**EXERCISE GOAL**: From the first line to the last, copy the listing exactly and omit the images.

**SUPPLIED INFORMATION**:
------------
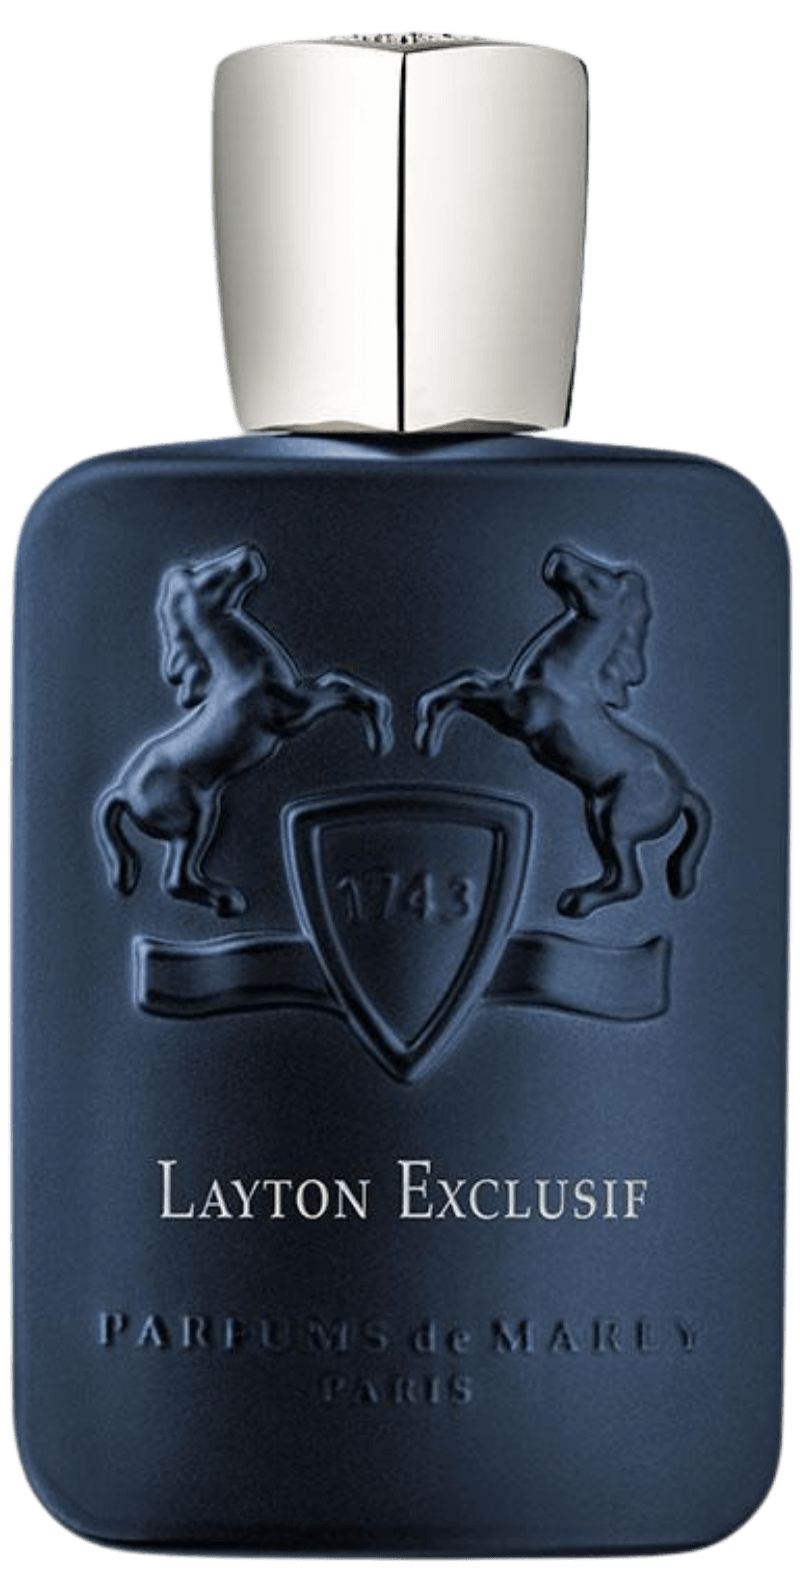 &#39;s Parfums de Marly Layton Exclusif - Bellini&#39;s Skin and Parfumerie 
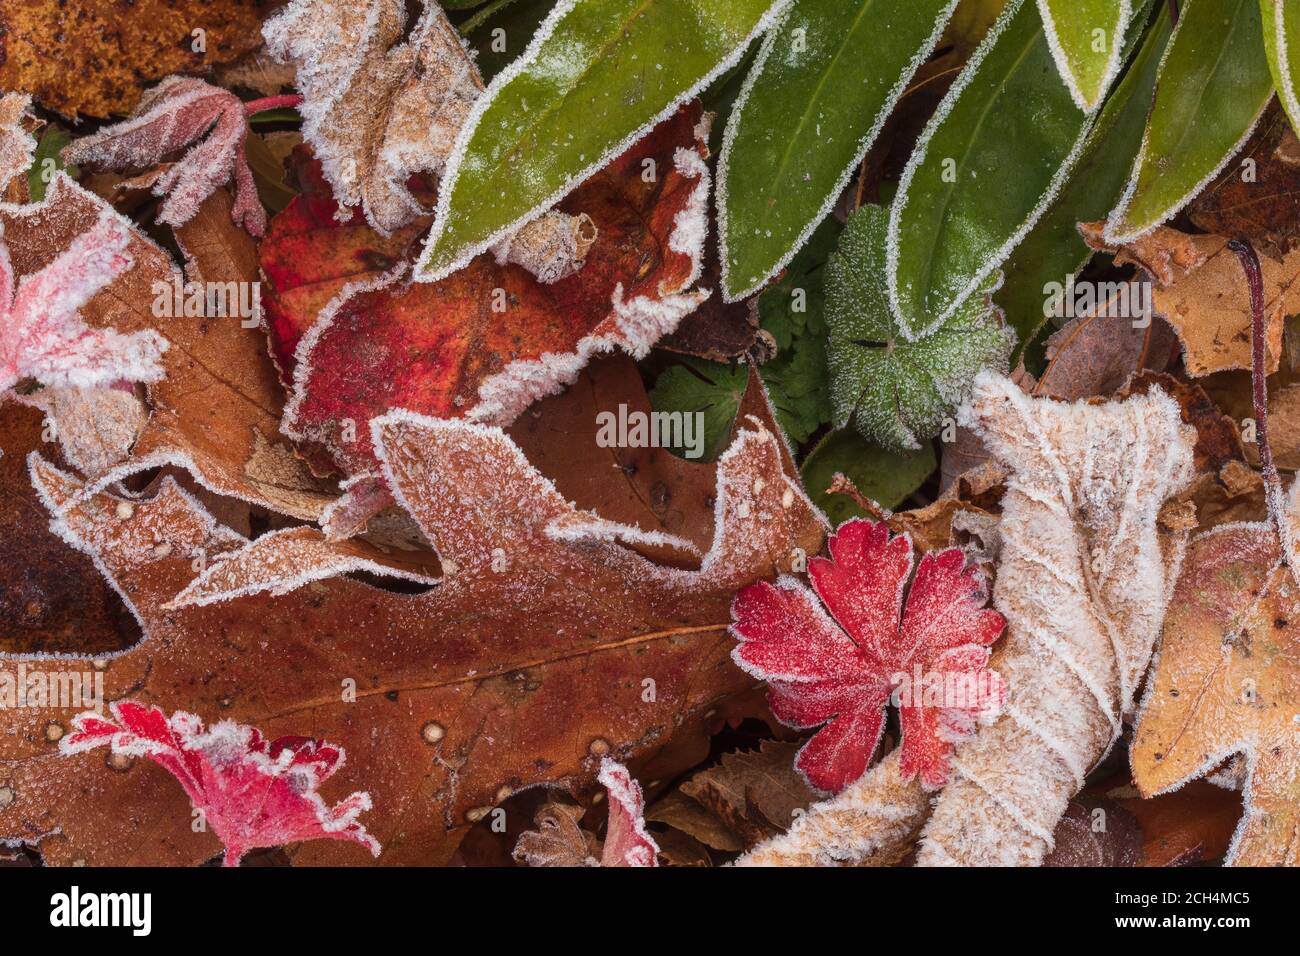 Image of frosted leaves near Halifax, Nova Scotia, Canada. Stock Photo
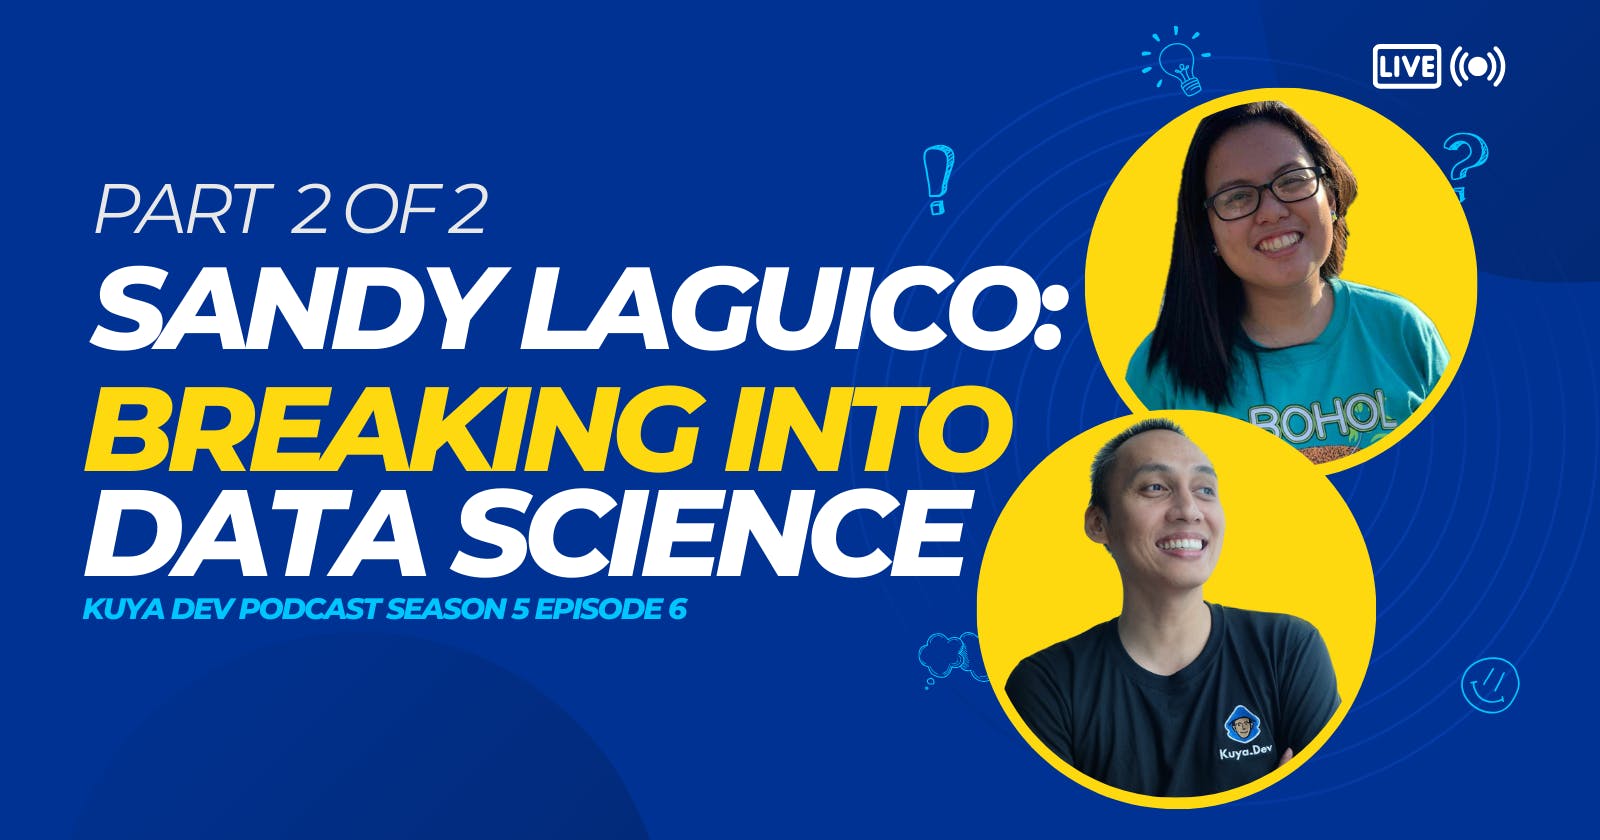 Sandy Lauguico: Breaking into Data Science (Part 2 of 2)
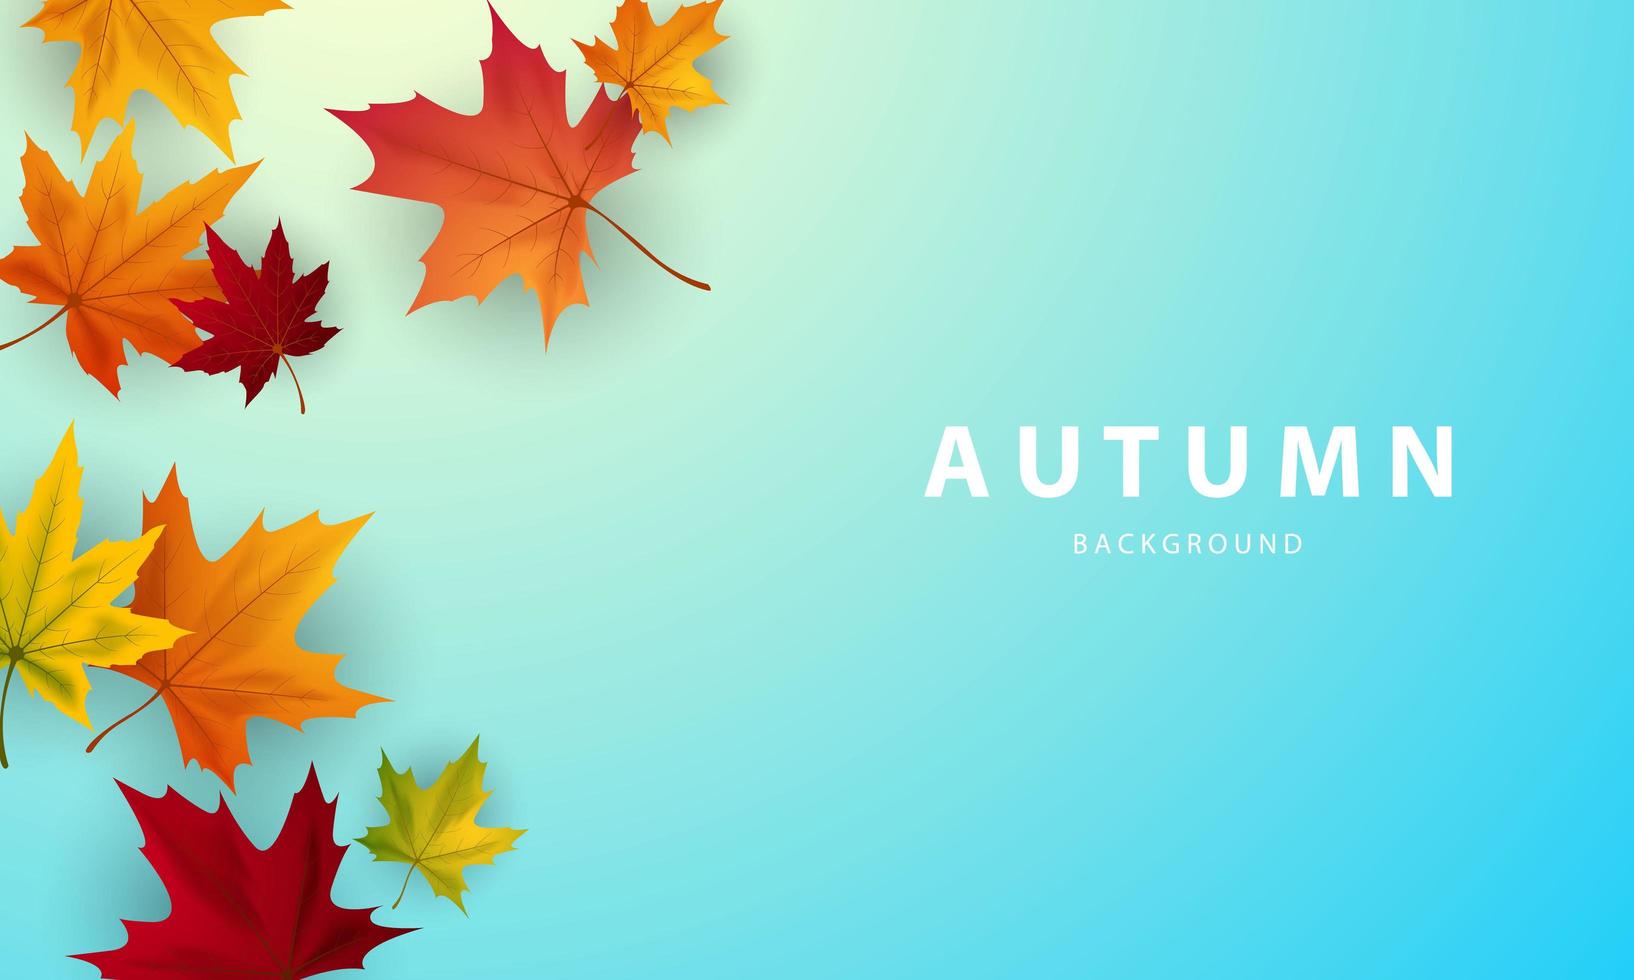 Autumn poster with falling leaves border vector
------------
**ANSWER**:
 &#39;s Parfums de Marly Layton Exclusif - Bellini&#39;s Skin and Parfumerie 
 Image of frosted leaves near Halifax, Nova Scotia, Canada. Stock Photo
 Sandy Lauguico: Breaking into Data Science (Part 2 of 2)
 Autumn poster with falling leaves border vector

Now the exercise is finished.